Keywords

These keywords were added by machine and not by the authors. This process is experimental and the keywords may be updated as the learning algorithm improves.

Given the increasing amounts of RDF data available from multiple heterogenous sources, as evidenced by the Linked Open Data Cloud, there is a need to track provenance within RDF data management systems [1]. In [8], we presented TripleProv, a database system supporting the transparent and automatic capture of detailed provenance information for arbitrary queries. A key focus of TripleProv is the efficient implementation of provenance-enabled queries over large scale RDF datasets. TripleProv is based on a native RDF store, which we have extended with two different physical models to store provenance data on disk in a compact fashion. In addition, TripleProv supports several new query execution strategies to derive provenance information at two different levels of aggregation. At one level, the exact sources for a query results can be identified. The second, more detailed level, provides the full lineage of the query results including the various constraints, projections and joins involved in answering the query. In addition to these levels of aggregation at the data source level, we support tracking the provenance at the quadruple level. That is, every quad (i.e. tuple) is annotated and those annotations are tracked through the query processing pipeline. This tracking is done by leveraging the concept provenance polynomials [3]. That is capturing the provenance representation as a formula over tuples. Our work follows on from previous work on annotating or coloring RDF triples [2, 9] by focusing on both scale and query adaptivity.

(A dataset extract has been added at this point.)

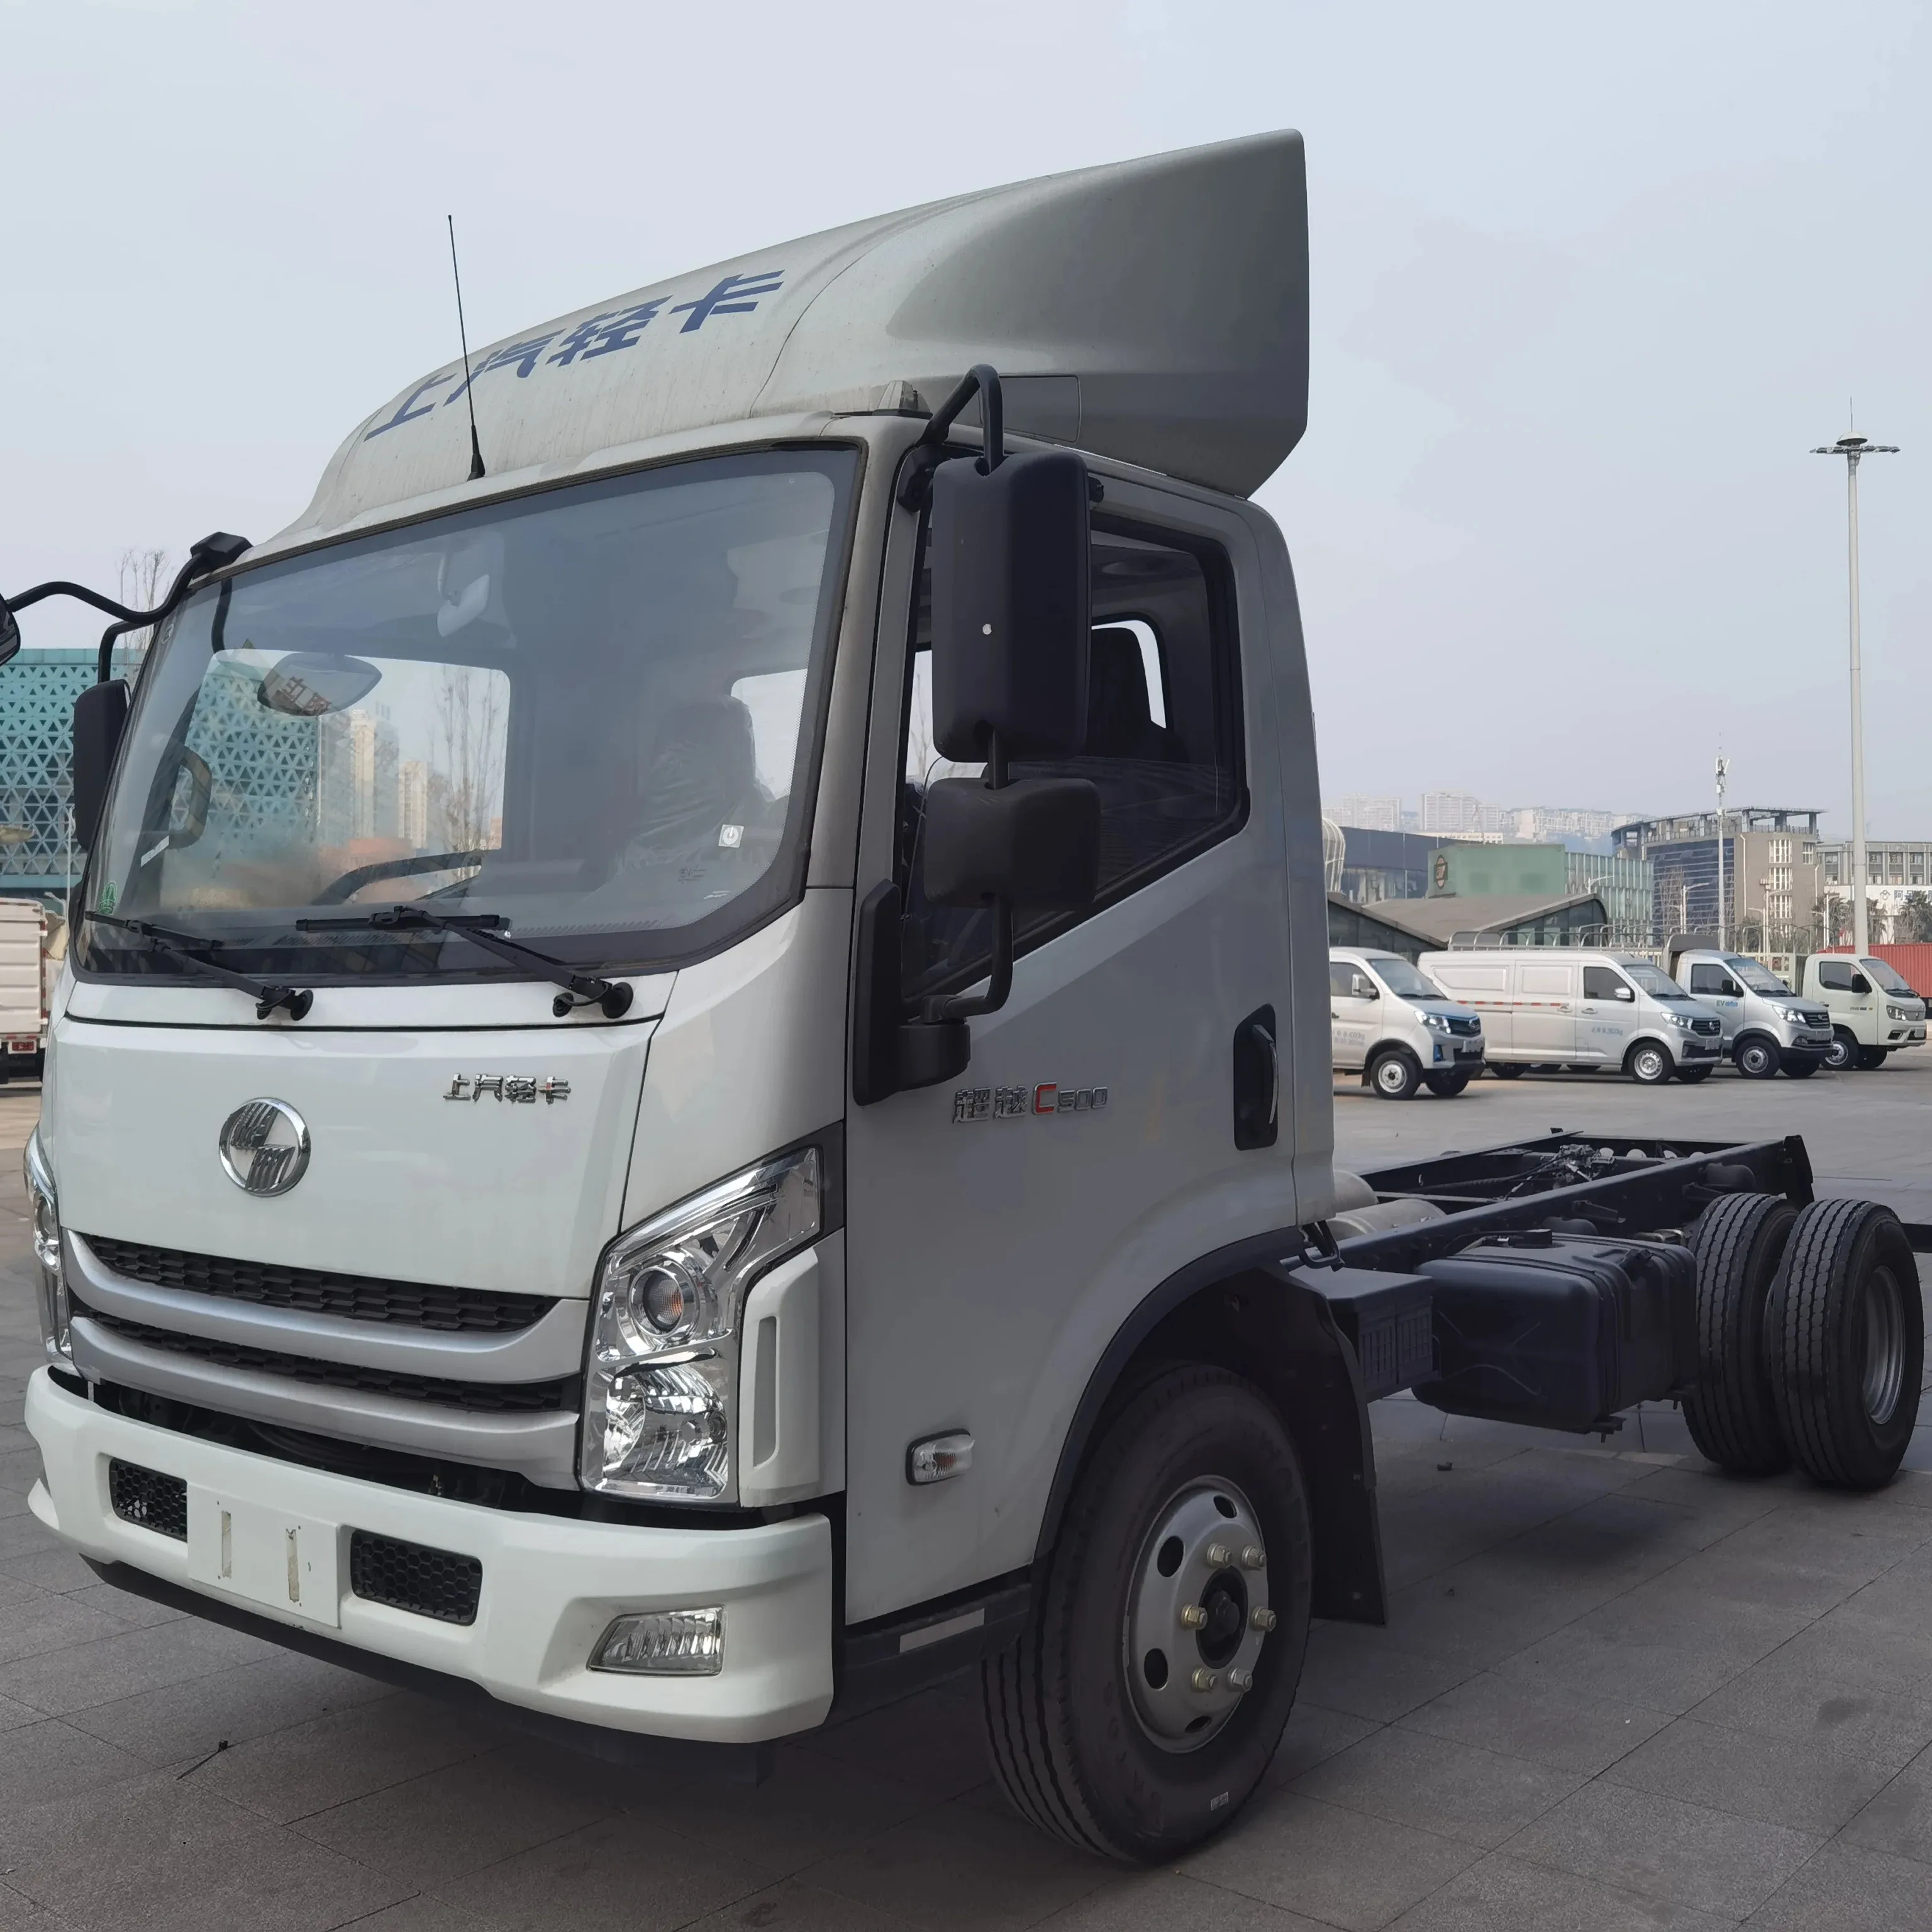 Vente de gros Camion neuf C500 de Shanghai avec moteur diesel de 3,0 L en Chine Nouveau van diesel

At the logical level, we use two basic operators to express the provenance polynomials. The first one (\(\oplus \)) to represent unions of sources, and the second (\(\otimes \)) to represent joins between sources.

Unions are used in two cases when generating the polynomials. First, they are used when a constraint or a projection can be satisfied with triples coming from multiple sources (meaning that there are more than one instance of a particular triple which is used for a particular operation). The following polynomial:

$$ l1 \oplus l2 \oplus l3 $$

for instance, encodes the fact that a given result can originate from three different sources (\(l1\), \(l2\), or \(l3\)). Second, unions are also used when multiple entities satisfy a set of constraints or projections.

As for the join operator, it can also be used in two ways: to express the fact that sources were joined to handle a constraint or a projection, or to handle object-subject or object-object joins between a few sets of constraints. The following polynomial:

$$ (l1 \oplus l2) \otimes (l3 \oplus l4) $$

for example, encodes the fact that sources \(l1\) or \(l2\) were joined with sources \(l3\) or \(l4\) to produce results.

Provenance polynomials can be used to compute a trust or information quality score based on the sources used in the result.

TripleProv works on large scale real world data. We have tested the system on two datasets consisting of over 110 million triples each. Each dataset is roughly 25 GB in size. The datasets are drawn, respectively, from two crawls of the Web: the Billion Triple ChallengeFootnote 1 and the Web Data CommonsFootnote 2 [7].

Based on this foundation, this work presents preliminary results on adaptively modifying query execution based on provenance. Specifically, we have extended TripleProv to allow a specific list of sources (e.g. trusted sources) to be provided which are to be used when answering a query. Additionally, one can also specify a list of sources to avoid during query execution (e.g. a list of untrusted sources). The specified lists are checked at every stage of query execution process. This means that even at the level of intermediate results, which are not necessarily presented as an output, we ensure that these data sources are not touched. We note that this trigger based approach allows for potentially dynamic changes in the source list at query execution.

Such adaptive query processing is useful for a number of use cases. For instance, one could restrict the results of a query to certain subsets of sources or use provenance for access control such that only certain sources will appear in a query result. Identifying results (i.e., particular triples) with overlapping provenance is also another prospective use case. Additionally, one could detect whether a particular result would still be valid when removing a source dataset. We could also extend our approach to with Hartig’s tSPARQL [4] to be able to query trust annotations in combination with provenance sources.

In [8], we found that provenance tracking within the database caused between a 60–70% overhead. While this is acceptable for many use cases, it would be beneficial if the performance would be faster. We believe that by taking advantage of knowing data provenance one could potentially optimize the performance of the database. We note that our approach focused on adjusting the pipeline of query processing verses querying provenance after the fact as in other systems [5, 6]. An interesting area of work would be to study the trade off between runtime query adaptation based on provenance and post hoc provenance queries.

This work is a first step towards showing how provenance can be used to make it easier to work with heterogenous RDF data.